## Query Decomposition: Avoid semantic delutions in the queries
 * "Semantic dilutions" refer to the loss of meaning or relevance when chunks of text, intended to represent information for retrieval, become too large or lack semantic cohesion, leading to less accurate and useful results.
 * Semantic dilutions can be mitigated on the indexed documents side by applying optimized chunking strategies per each use case.
 * Query texts can also have semantic delutions when multiple contexts or topics are combined. This can be improved by reforming the queries.

This notebook will demonstrate "query decomposition" strategy to improve the search quality against a knowledge base. 

![Query Decomposition](https://raw.githubusercontent.com/aws-samples/langgraph-agents-with-amazon-bedrock/refs/heads/main/assets/lab3_2.png "https://github.com/aws-samples/langgraph-agents-with-amazon-bedrock/tree/main/Lab_3")

#### Prerequsites

In [None]:
import warnings
warnings.filterwarnings('ignore')

!pip install -U boto3

In [None]:
import json
with open("../variables.json", "r") as f:
    variables = json.load(f)

variables

In [None]:
# Configurations for Knowledge Base retrievals

kb_id = variables["kbSemanticChunk"]
model_id = f"arn:aws:bedrock:us-west-2:{variables['accountNumber']}:inference-profile/us.amazon.nova-lite-v1:0"

number_of_results = 5
generation_configuration = {
    'inferenceConfig': {
                    'textInferenceConfig': {
                        'maxTokens': 1024,
                        'stopSequences': [],
                        'temperature': 0.0,
                        'topP': 0.2
                    }
                },
}


### How Model Size Affects Table Interpretation  

When querying Amazon’s Operating Income for 2022, **smaller models (Nova Lite, Llama 3B)** tend to pick the **"At Prior Year Rates"** value (\$11,387), while **larger models (Nova Pro)** correctly select the **"As Reported"** value (\$12,248).

#### Possible Reasons:
- **Table Parsing Limitations:** Smaller models may not accurately align column headers to values.  
- **Context Misinterpretation:** They might default to the last numerical column or fail to strongly associate **"As Reported"** with the correct column.  
- **Stronger Reasoning in Larger Models:** Nova Pro better understands structured data, leading to more accurate retrieval.  

![Image](./operating_income.png)

### Basic RAG query
The query retrieves only one of the topics mentioned.
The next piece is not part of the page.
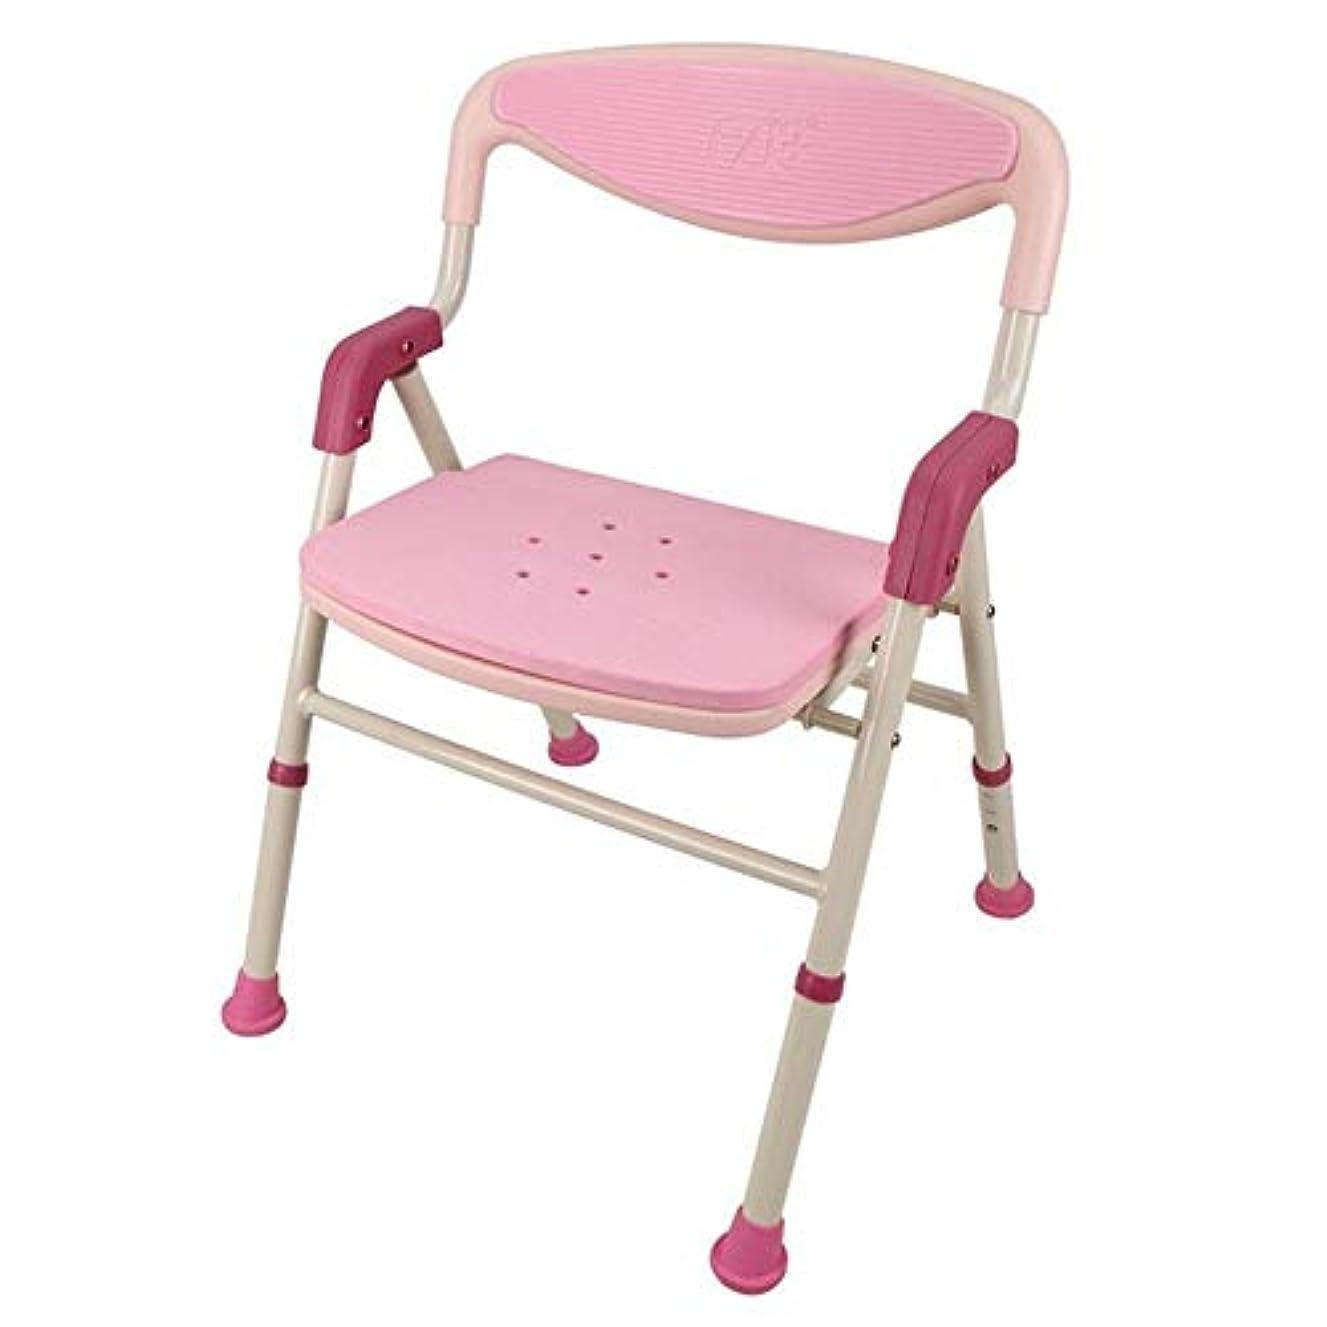 カリング彼は騒浴室の腰掛けのアルミニウムシャワーの座席椅子の滑り止めの高さの調節可能な障害援助
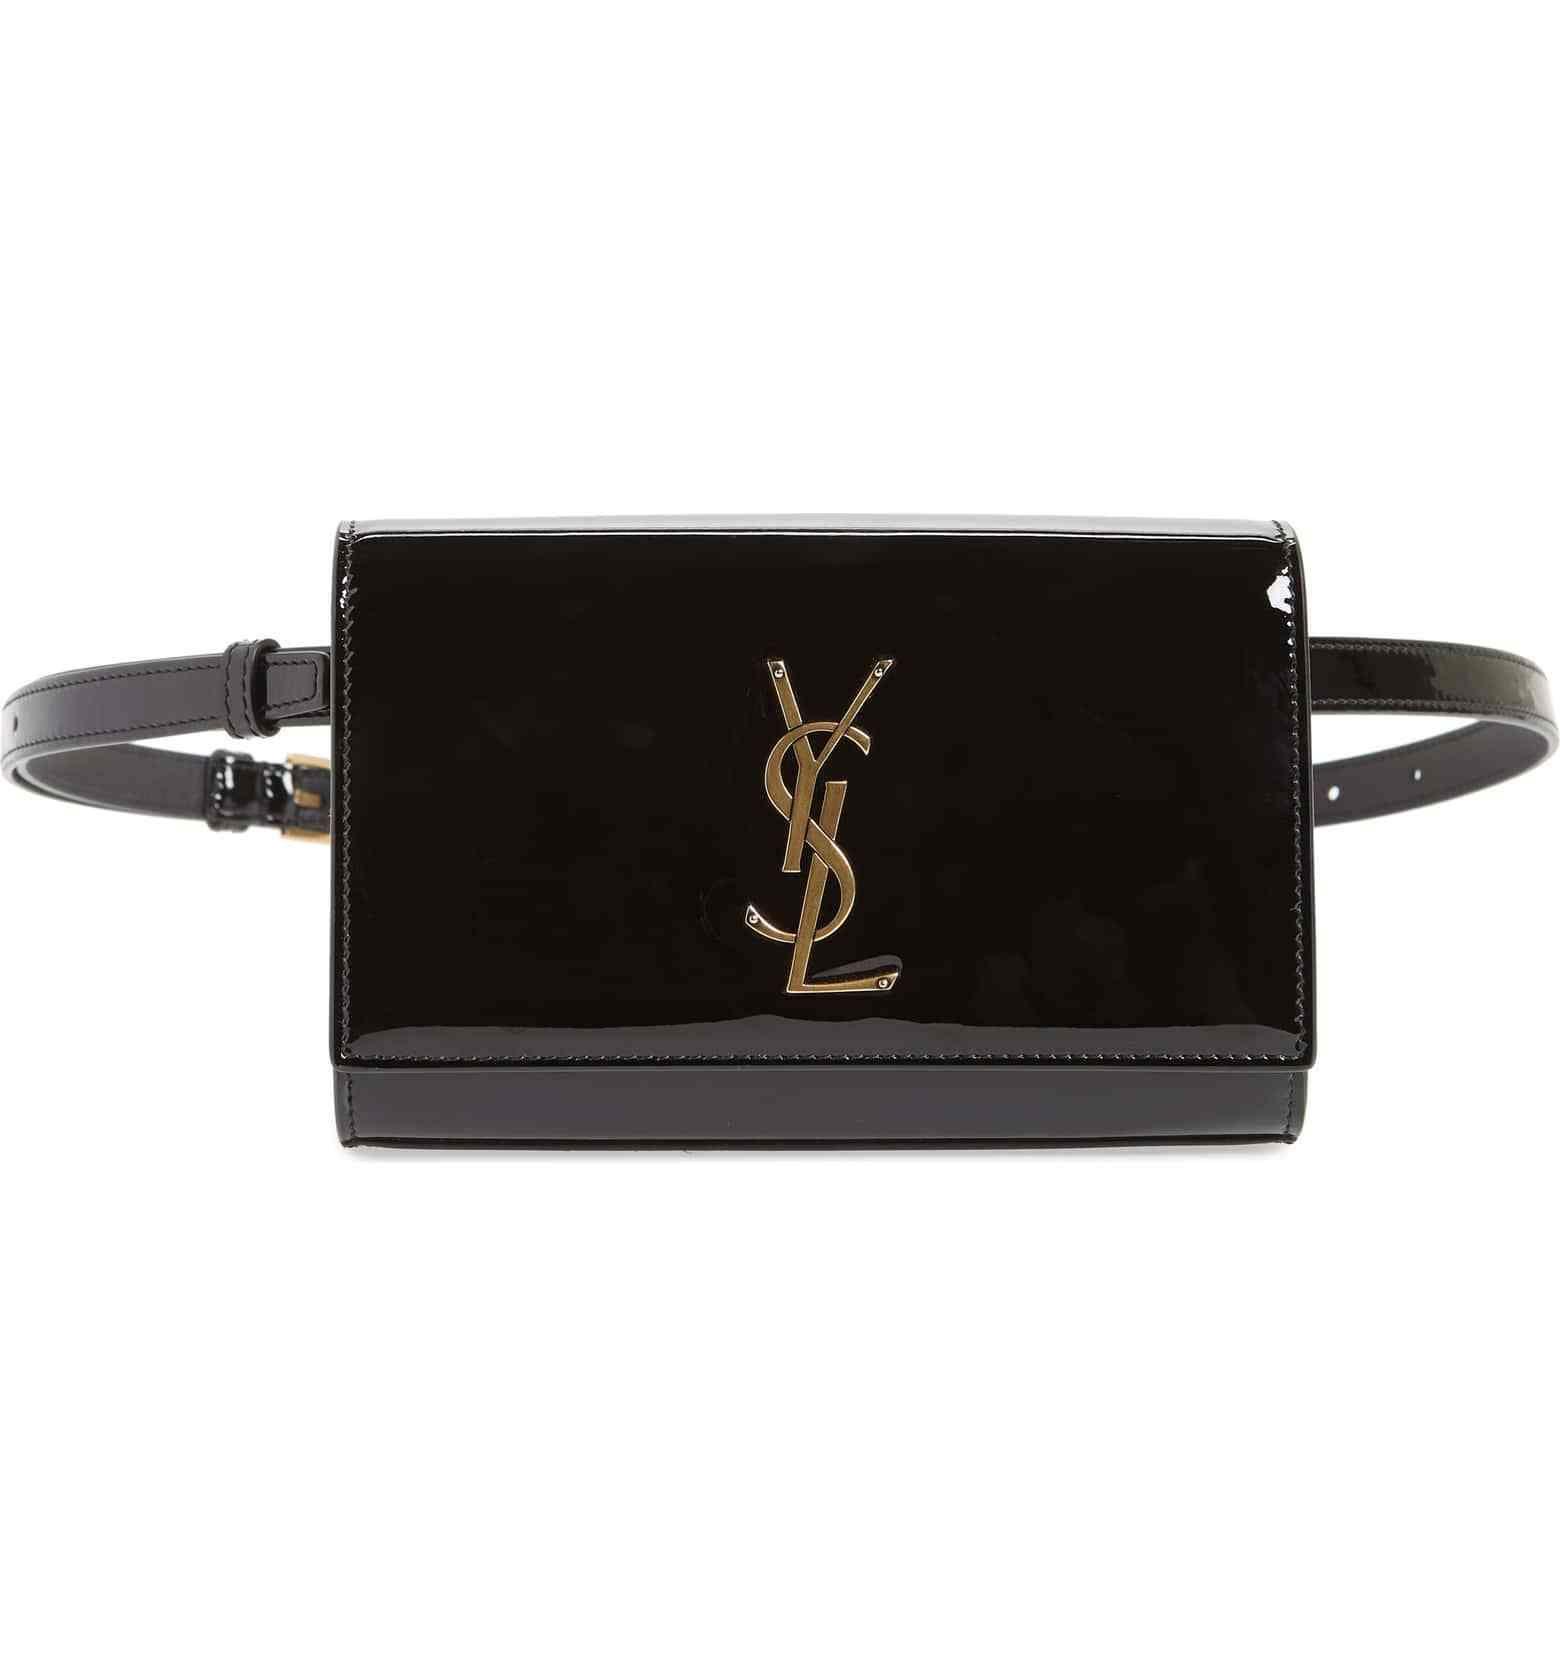 8f5d16f58bef Saint Laurent Belt Bag Kate Patent #saintlaurent #beltbag #fannypack  #designer #bag #ysl #shop #styleinspiration #shopping

It is because of the mix of two queries dilluted the second topic, which is called "semantic dillution."
In real world scenarios, it is required to pull multiple chunks with different contexts, for example:
* How Amazon's net income increased from 2018 to 2024?
* What is difference between RAG and text-to-SQL?

In [None]:
# WITHOUT QUERY DECOMPOSITION
import boto3

bedrock_agent_runtime = boto3.client("bedrock-agent-runtime", region_name=variables["regionName"])

# Query example
query= "What was Amazon’s Operating Income as reported for the fiscal year ending December 31, 2022? What is text-to-SQL? How did text-to-SQL contribute to Amazons earnings, if any?"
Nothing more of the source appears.